WASHINGTON, DC — U.S. Senators Gary Peters (D-MI), Ranking Member of the Homeland Security and Governmental Affairs Committee and Mike Rounds (R-SD), introduced a bipartisan bill to extend provisions that encourage businesses to share information about ongoing cybersecurity threats with the federal government to strengthen our nation’s cybersecurity defenses. The bill, which will extend provisions that were originally signed into law through the Cybersecurity Information Sharing Act of 2015, incentivizes companies to voluntarily share cybersecurity threat indicators, such as software vulnerabilities, malware, or malicious IP addresses, with the Department of Homeland Security (DHS) to protect Americans’ personal information and ensure that both the federal government and companies can take collaborative steps to prevent data breaches or attacks from cybercriminals and foreign adversaries. Peters and Rounds’ Cybersecurity Information Sharing Extension Act would extend these critical protections for an additional ten years.

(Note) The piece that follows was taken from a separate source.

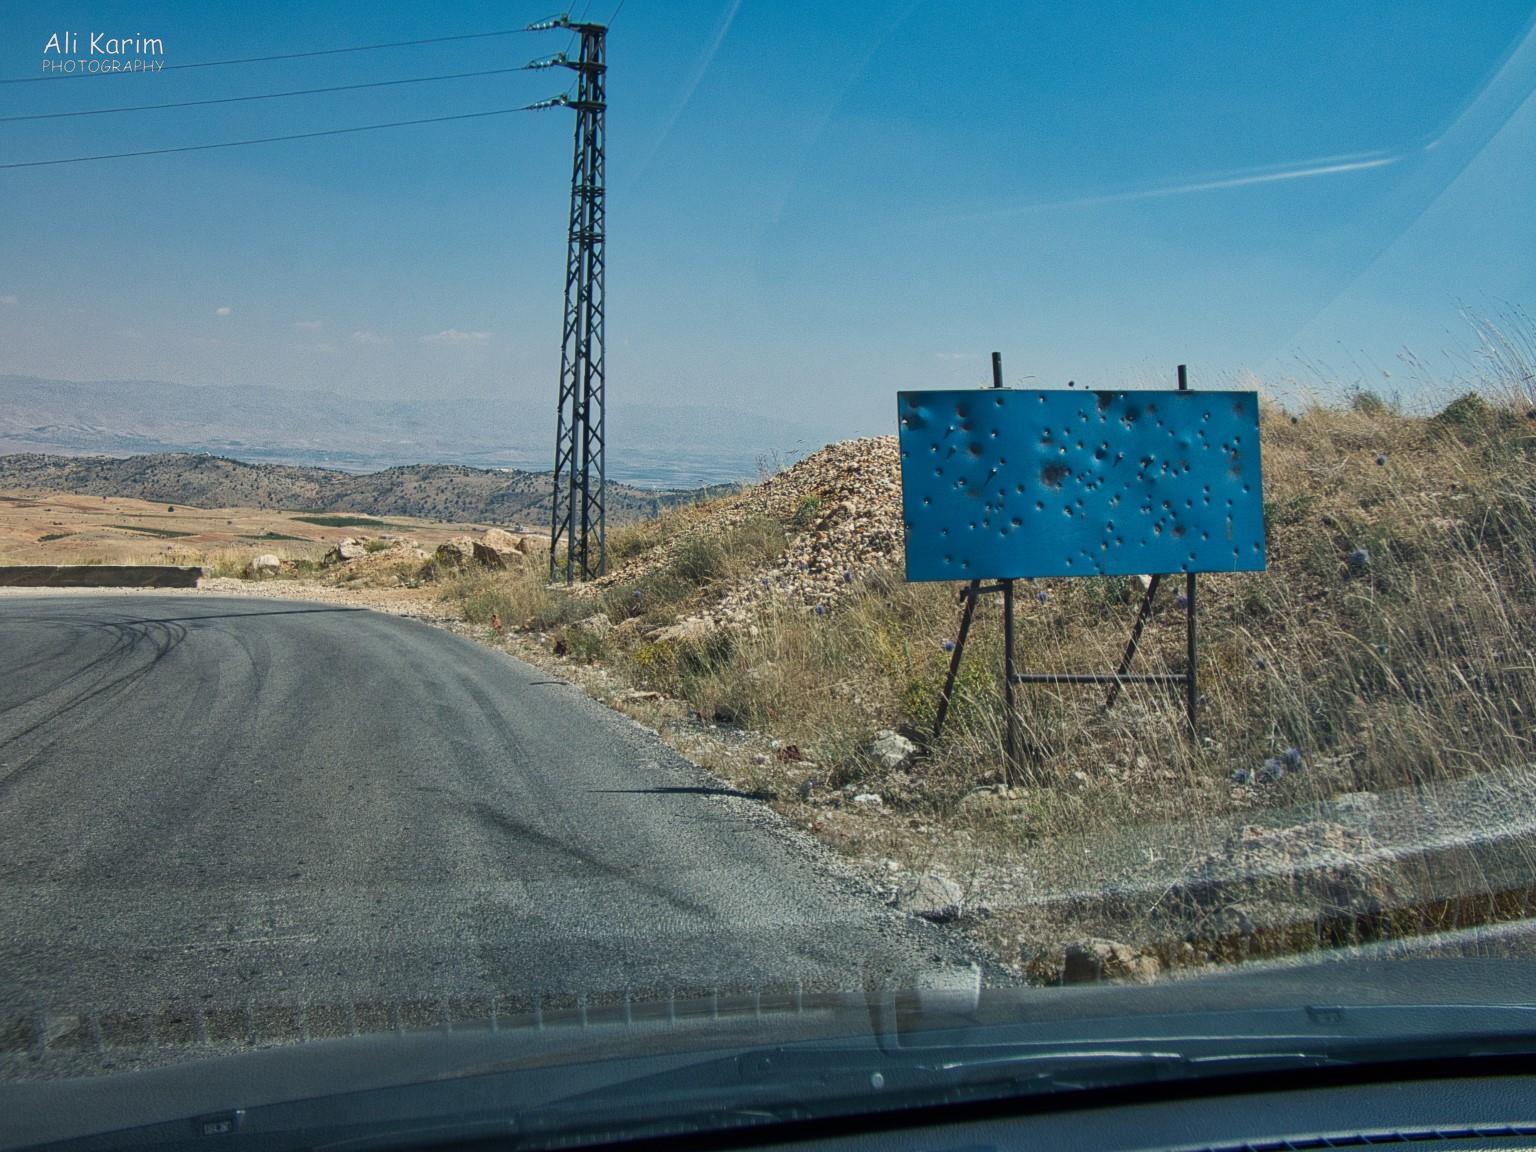 Bsharri and Quadisha Valley Interesting roadside sign

“As cybersecurity threats grow increasingly sophisticated, information sharing is not just valuable—it remains essential for our national security,” said Senator Peters. “For the past ten years, these critical protections have helped to address rapidly evolving cybersecurity threats, and this bipartisan bill will renew them so we can continue this collaborative partnership between the private sector and government to bolster our nation’s cybersecurity defenses against a wide range of adversaries.”
“The Cybersecurity Information Sharing Act of 2015 has been instrumental in strengthening our nation’s cyber defenses by enabling critical information sharing between the private sector and government,” said Senator Rounds. “Allowing this legislation to lapse would significantly weaken our cybersecurity ecosystem, removing vital liability protections and hampering defensive operations across both the defense industrial base and critical infrastructure sectors.”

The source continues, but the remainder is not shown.